Some people refuse to believe that a lion can throw his voice deliberately They maintain that all he does is to hold his mouth close to the ground when roaring, so that the sound is blurred and it is impossible to tell from which direction it is coming. Now, in order to find out if this was true I tried very hard to be present when Albert was roaring, but with little success. Time after time I would walk hopefully past his cag
e thinking that he might roar while I was there to see, but every time he remained stubbornly silent. Sometimes, when I heard him start up, I would treat the visitors to the sight of a keeper running madly along the path through the trees as though some escaped beast were at my heels. But every time, when I arrived panting at the barrier rail, I would find that Albert had either finished or else had thought better of it and had relapsed into silence after two or three coughs. However, I was more than compensated for this by the magnificent sounds he would produce when I could hear, but not see, him.

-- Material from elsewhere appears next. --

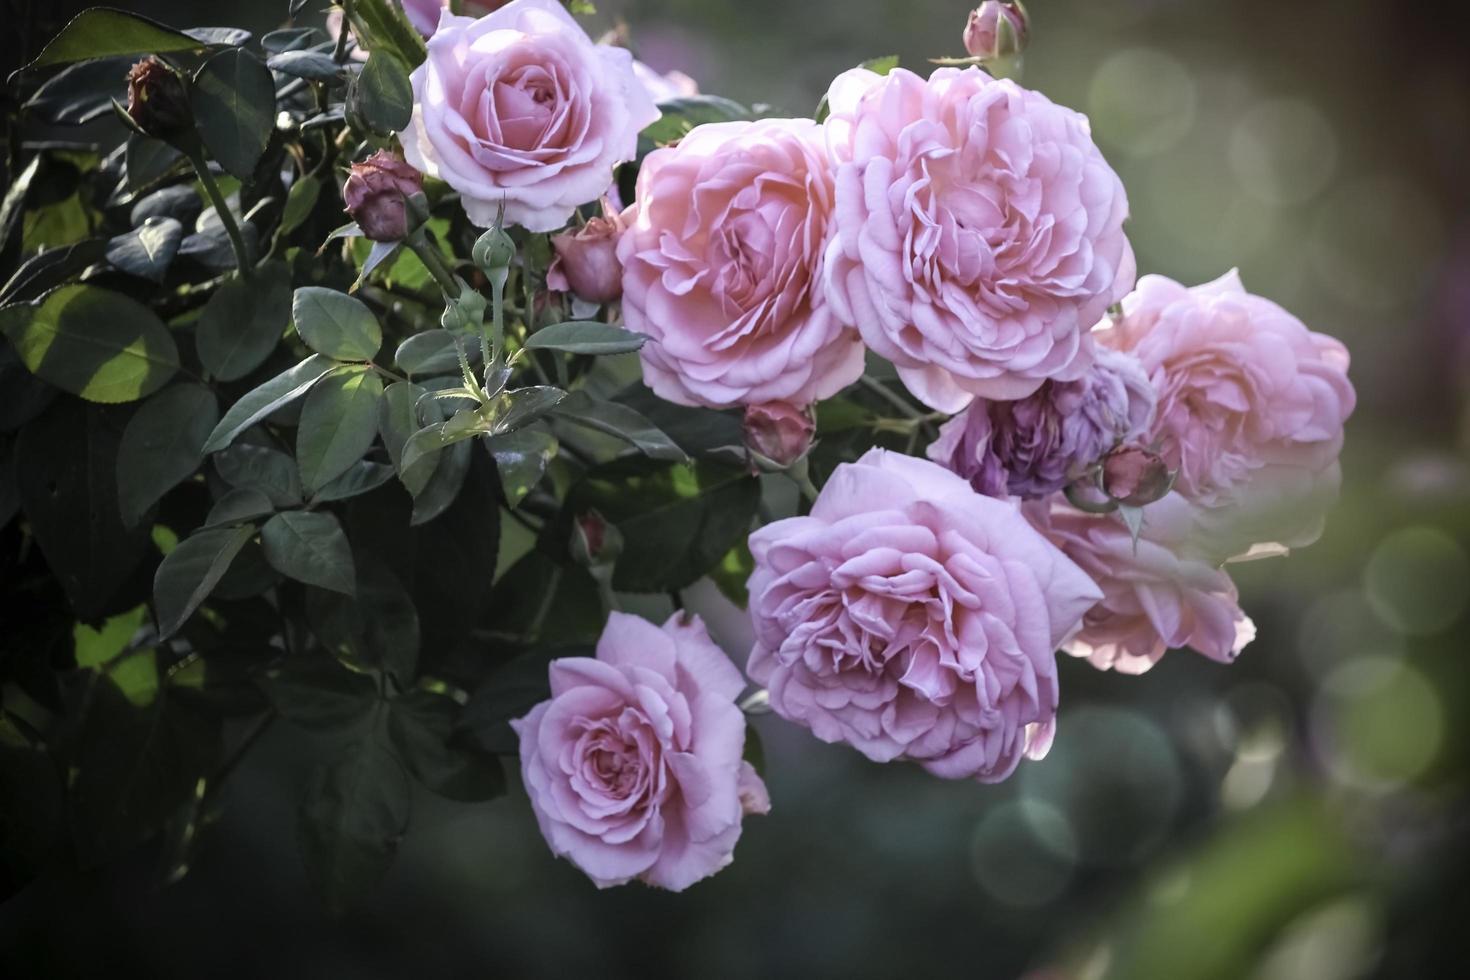 rosafarbene englische Rosen, die im Sommergarten blühen, eine der duftendsten Blumen, am besten riechende, schöne und romantische Blume foto

He always seemed to choose the late afternoon to burst into song. He would start, quite suddenly, with two or three preliminary ‘Aroom’ noises, with long pauses in between, as if he were making sure of the right note. Then he would launch into the full song: the ‘Arooms’ would become throaty and rich and the pause between each shorter and shorter, until they ran together in a terrific crescendo of sound. It would rasp out, faster and faster, then start to slow down: then, just as suddenly as it began, it would stop. It is difficult to describe the frightening possibilities that were snarled at you when the sound reached its zenith. Considered dispassionately, the song resembled, more than anything else, someone sawing wood on a gigantic echoing barrel. First there would be the slow strokes of the saw; then they would get faster and faster as the steel bit into the wood; then the strokes would get slow again, as an indication that the sawing was nearly done; then, silence. And at that moment I always waited to hear the thud of the piece of wood hitting the ground.
After some weeks’ association with Albert I decided that he did not in any way measure up to the popular estimation of what a lion should be. He was sulky, blustery and devoid of any finer feelings whatsoever. His small, golden eyes always had in them an expression of baffled rage; it seemed that he was trying to uphold his race’s reputation for fierceness but could not remember why. There was always a faintly puzzled look about him, as though he were wondering whether it was necessary to behave in this way. When he was not prowling about in a filthy temper he was indulging in his ‘joke’ of jumping out suddenly at unsuspecting passers-by and getting a sardonic pleasure out of their panic. At mealtimes he would behave in the reprehensible manner I have described and then, gorged with his own meat and his ill-gotten gains, he would sprawl in the long grass and belch. I tried very hard, but I could not find a single endearing quality in Albert.